**Input data:**
····················
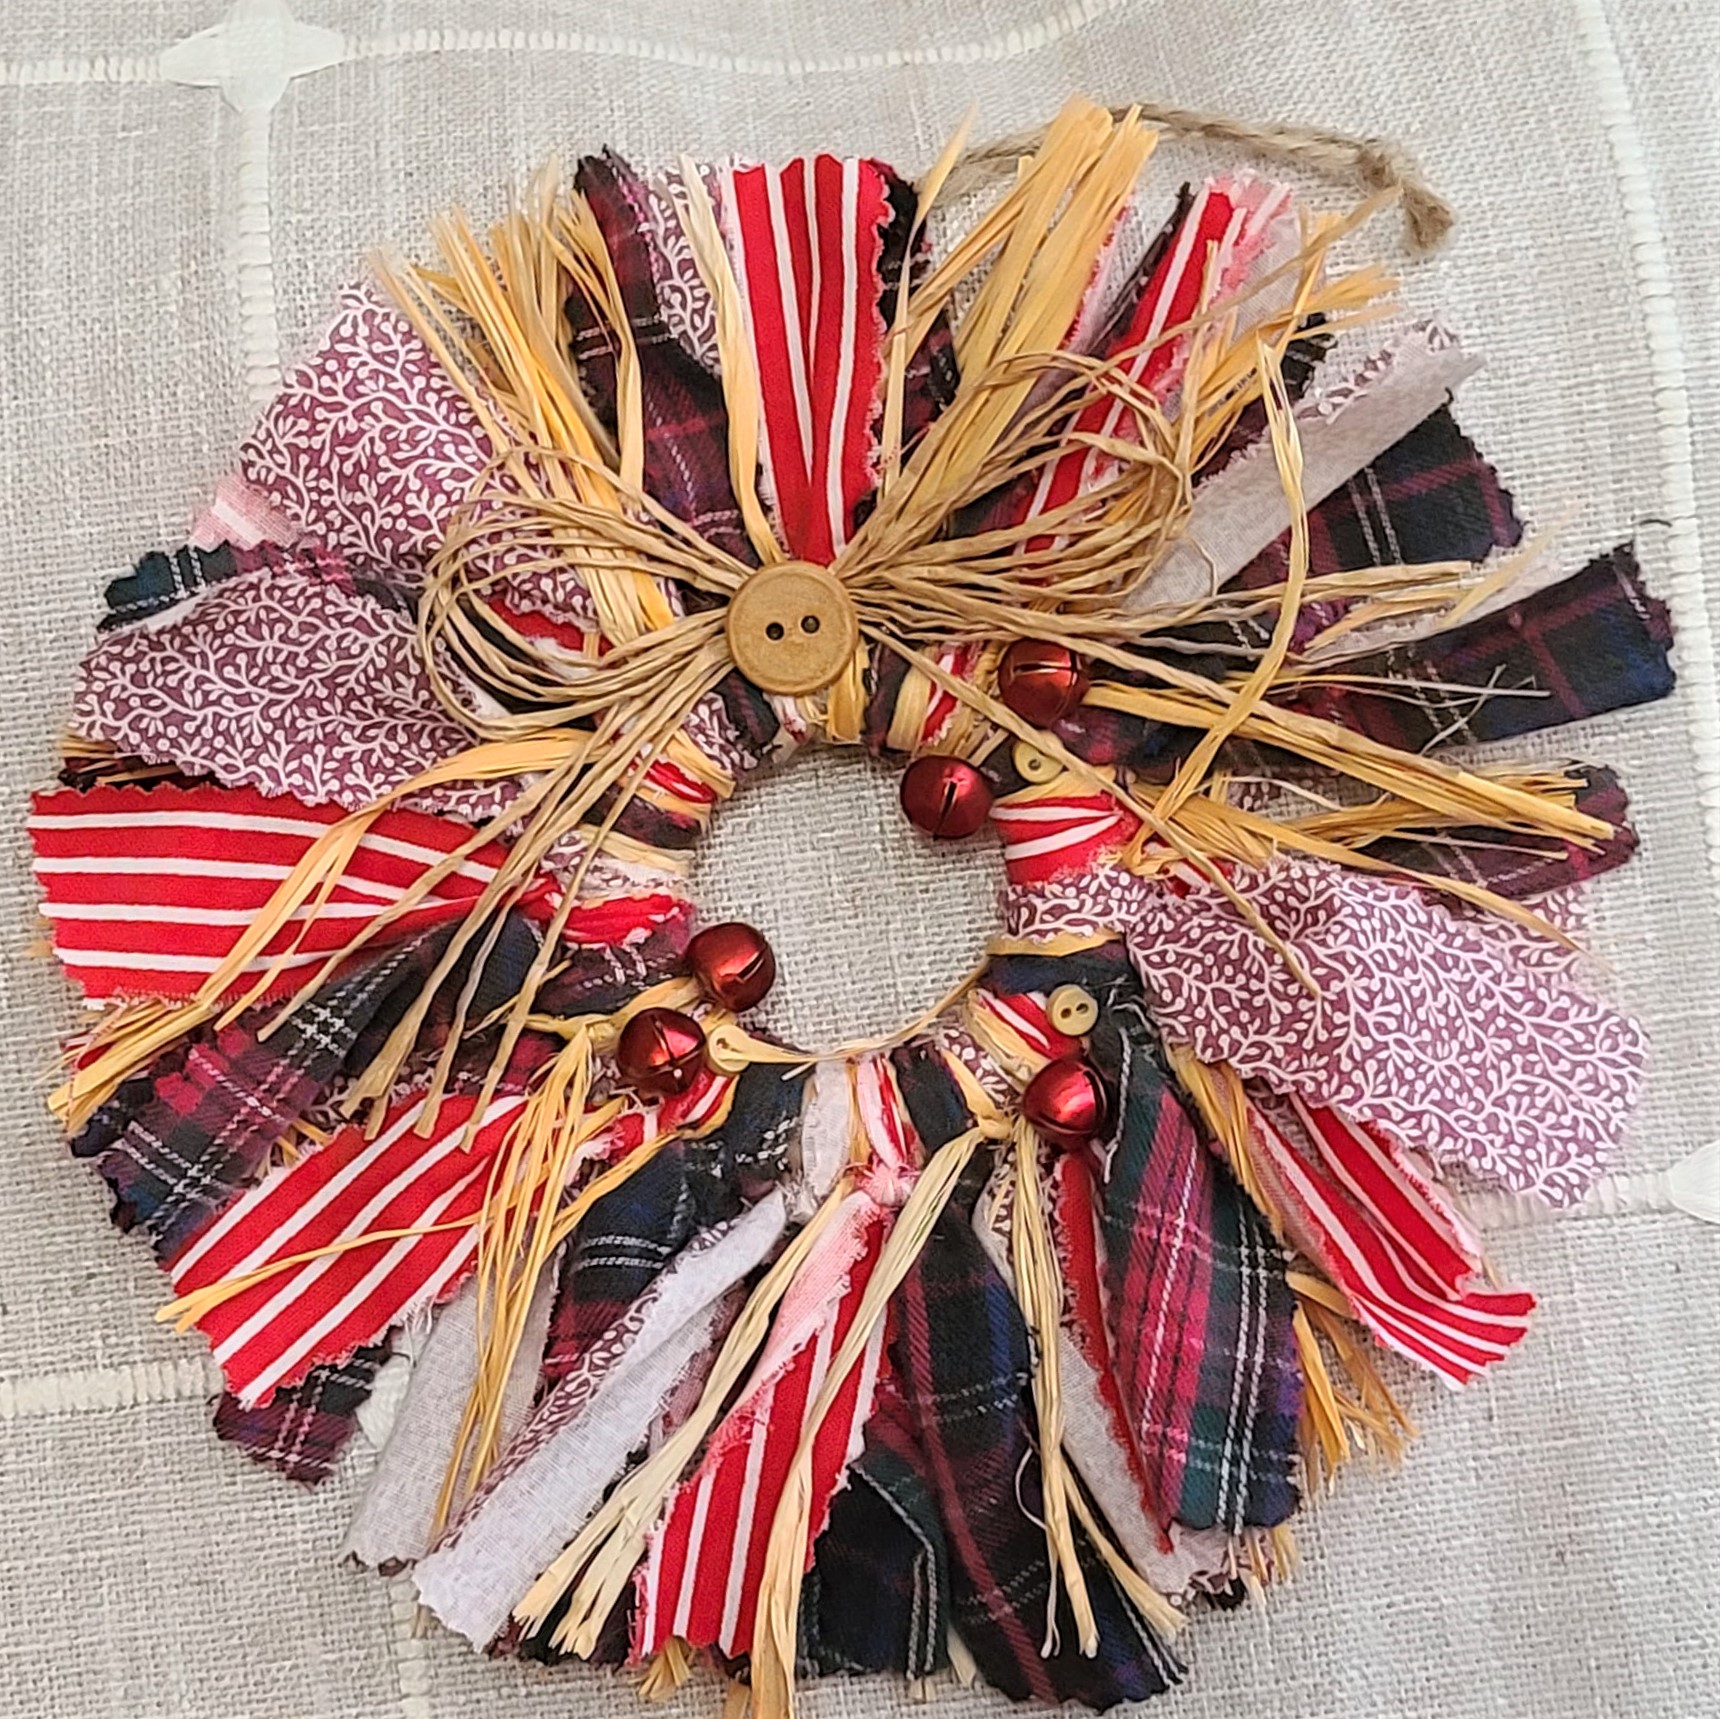 Mini wreath ornament 7" rag wreath country rustic style
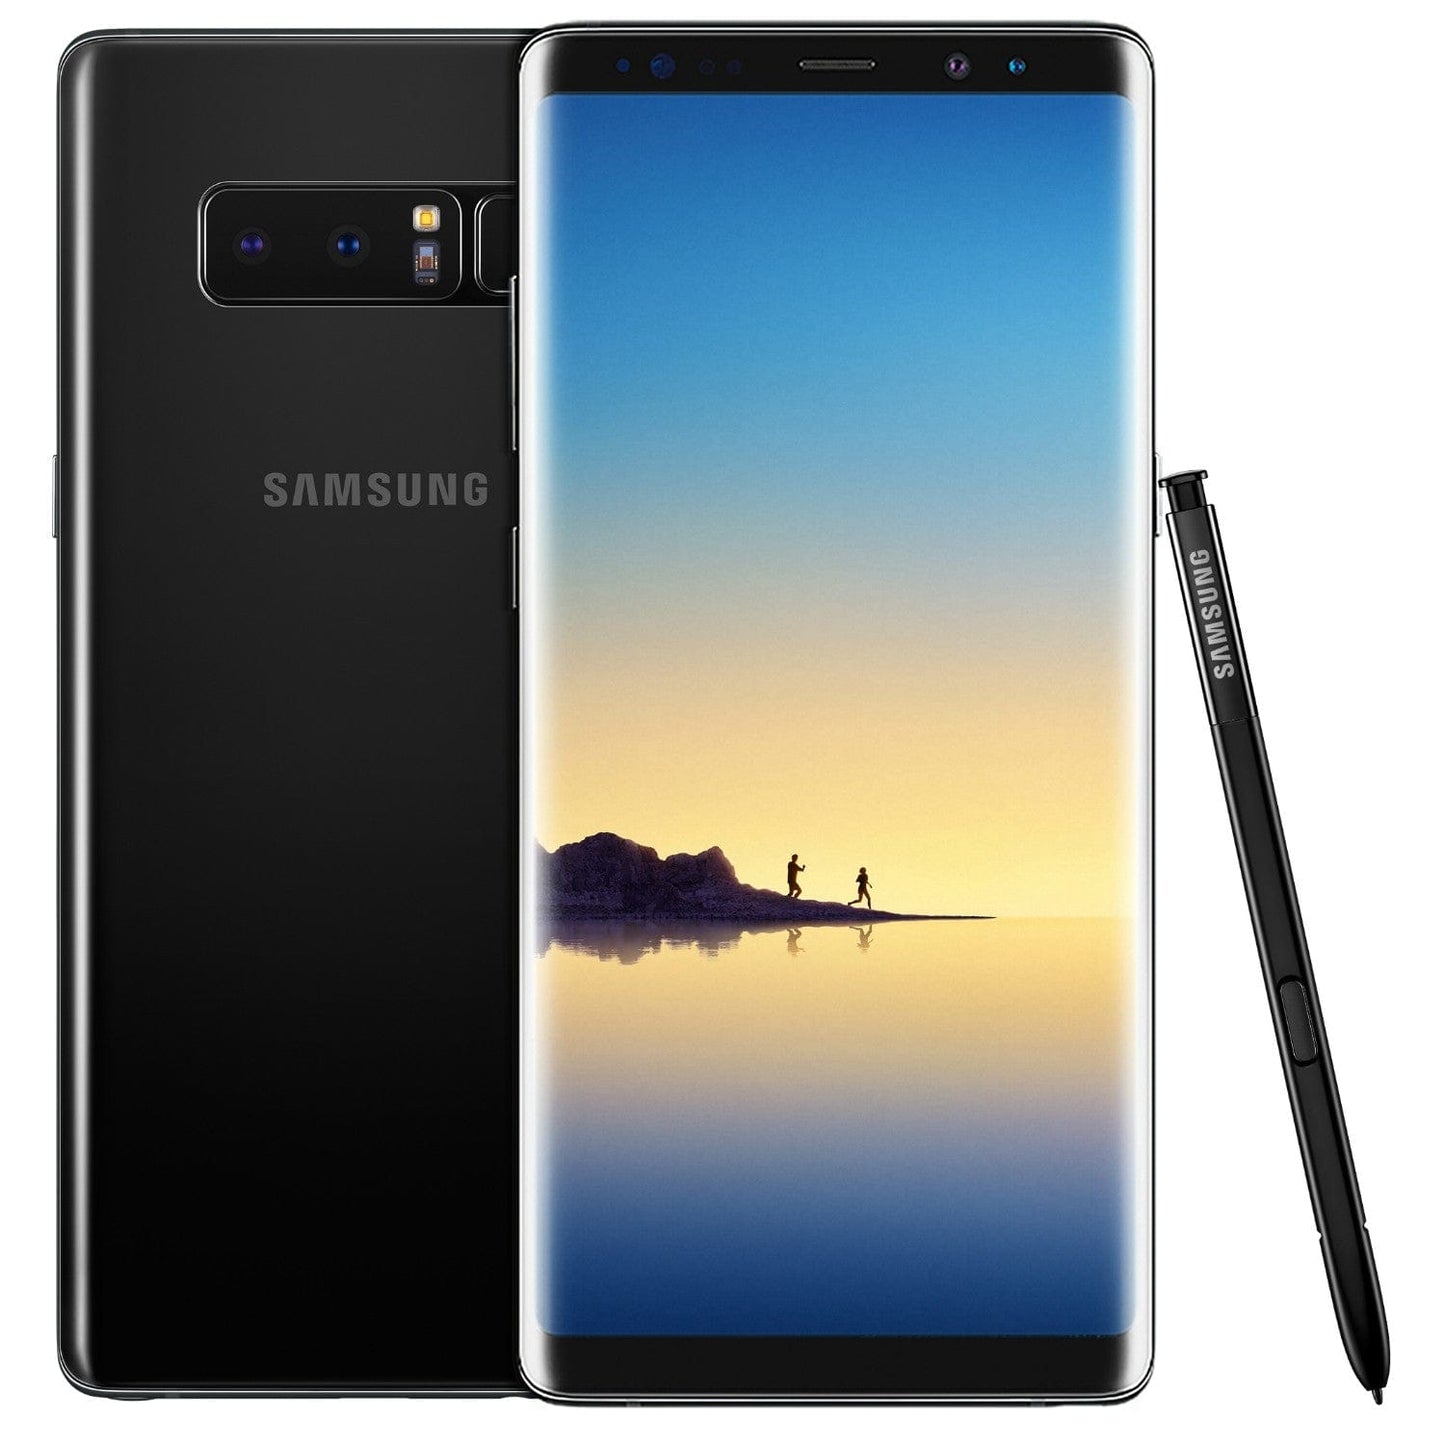 Samsung Galaxy Note8 - 64 GB - Midnight Black - Unlocked - GSM
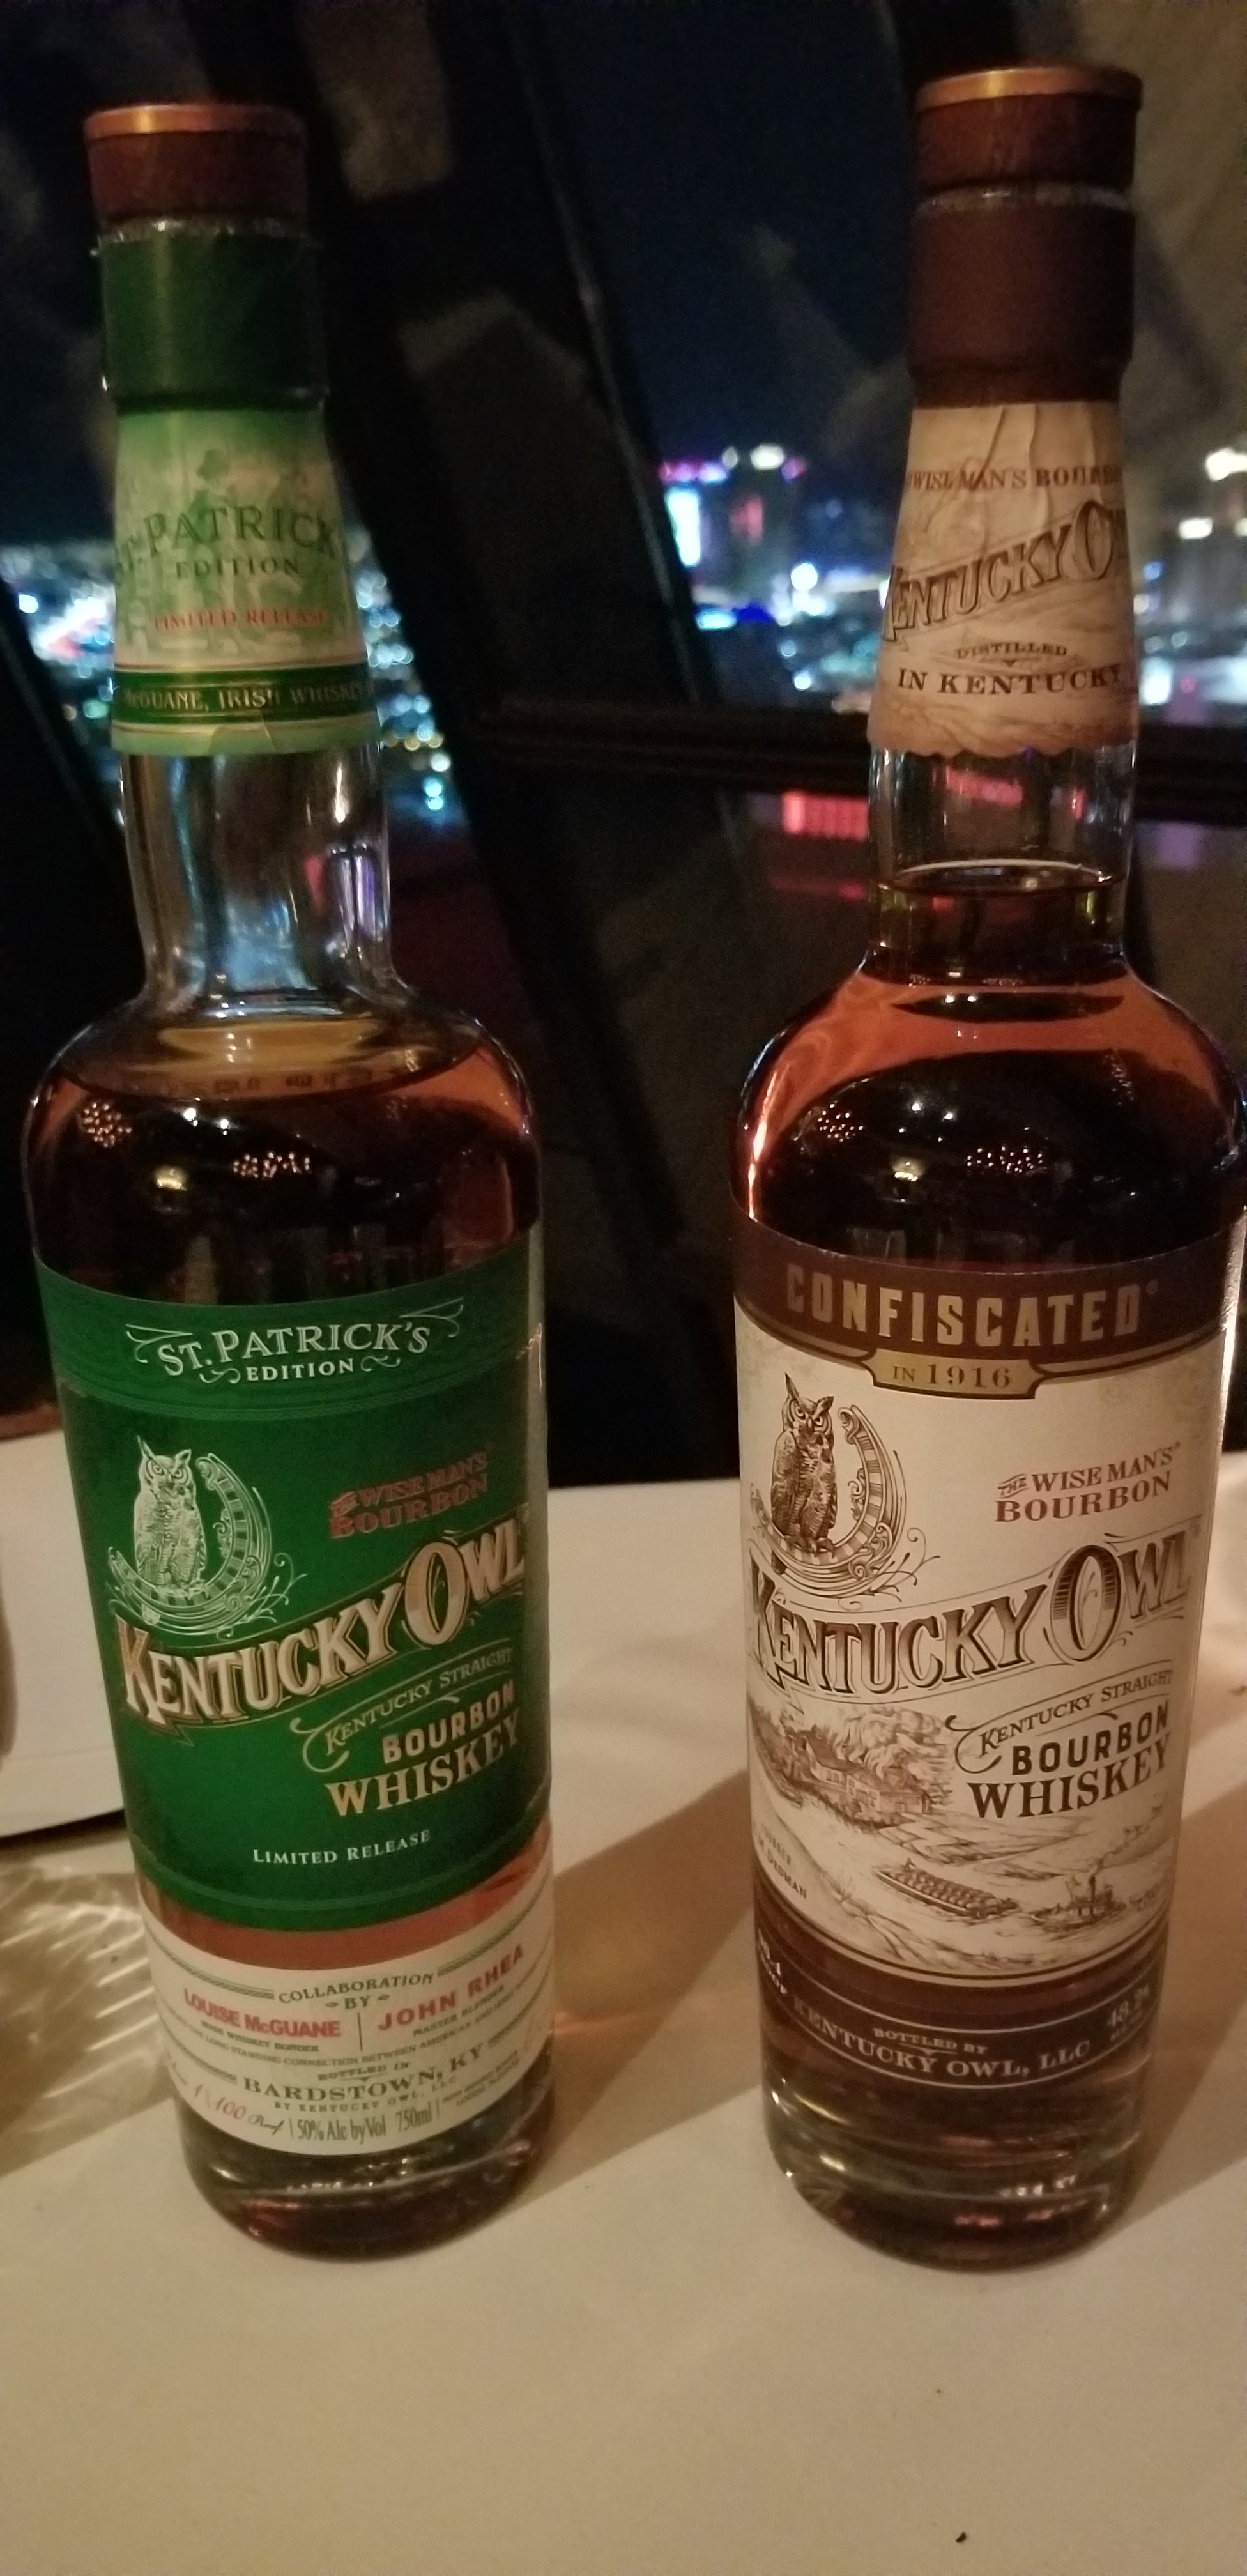 Kentucky Owl Bourbon bottles at Vetri Cucina
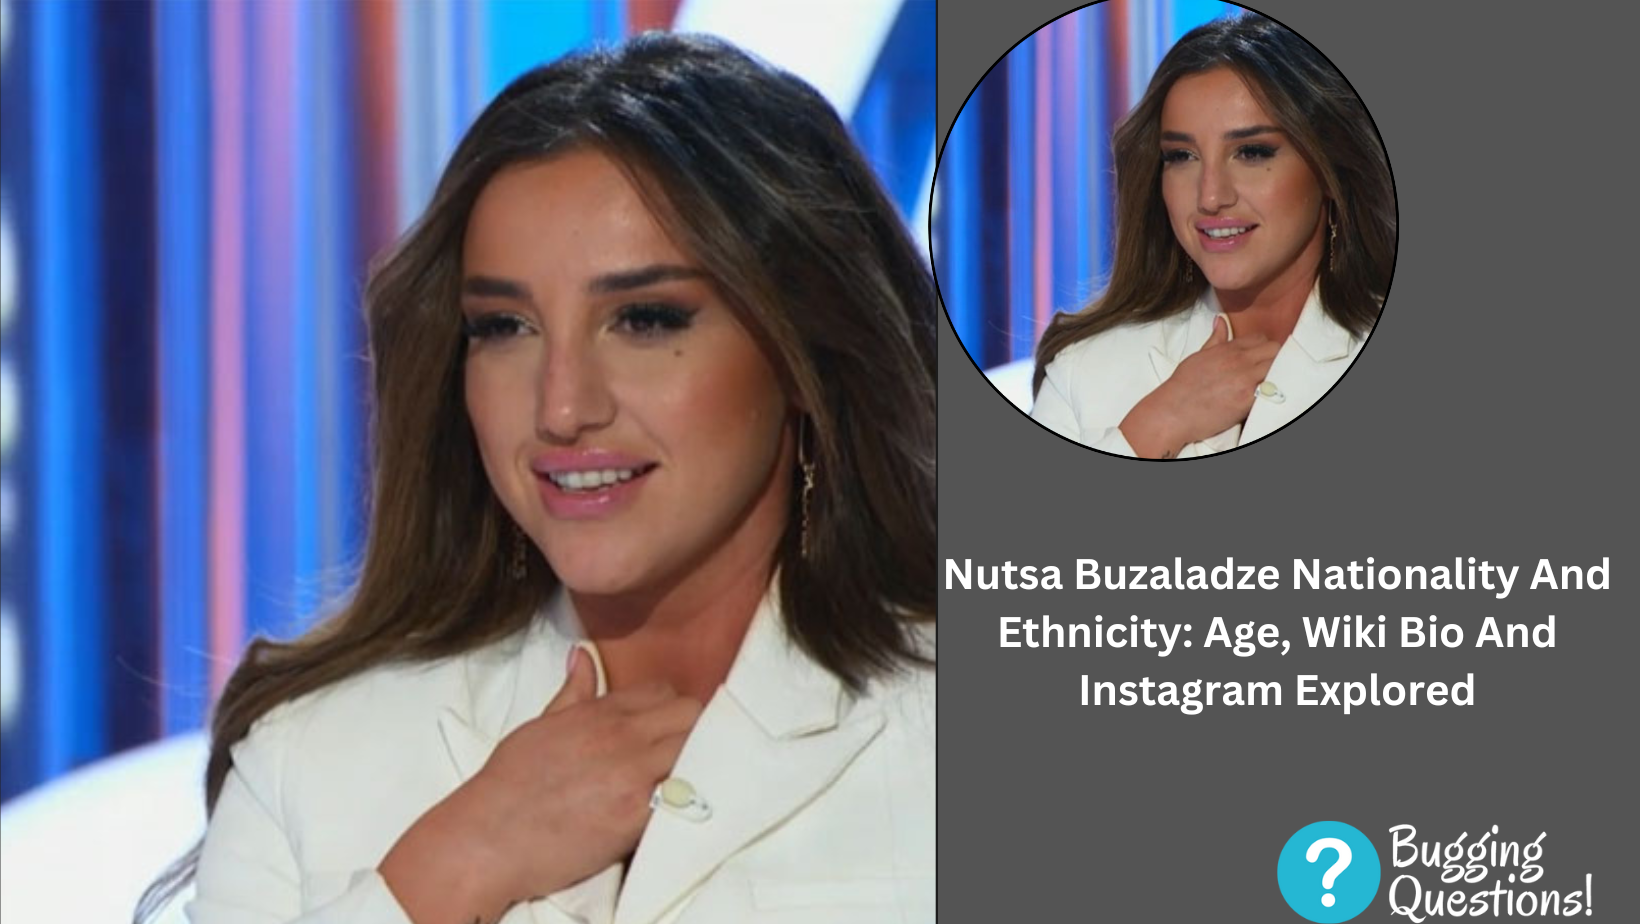 Nutsa Buzaladze Nationality And Ethnicity
····················
**Task:**
The lines from the one containing "Samsung Galaxy Note8" through the last line above are to be repeated exactly, and only those. Any pictures must be left out.

**Task result:**
 Samsung Galaxy Note8 - 64 GB - Midnight Black - Unlocked - GSM
 Kentucky Owl Bourbon bottles at Vetri Cucina
 Nutsa Buzaladze Nationality And Ethnicity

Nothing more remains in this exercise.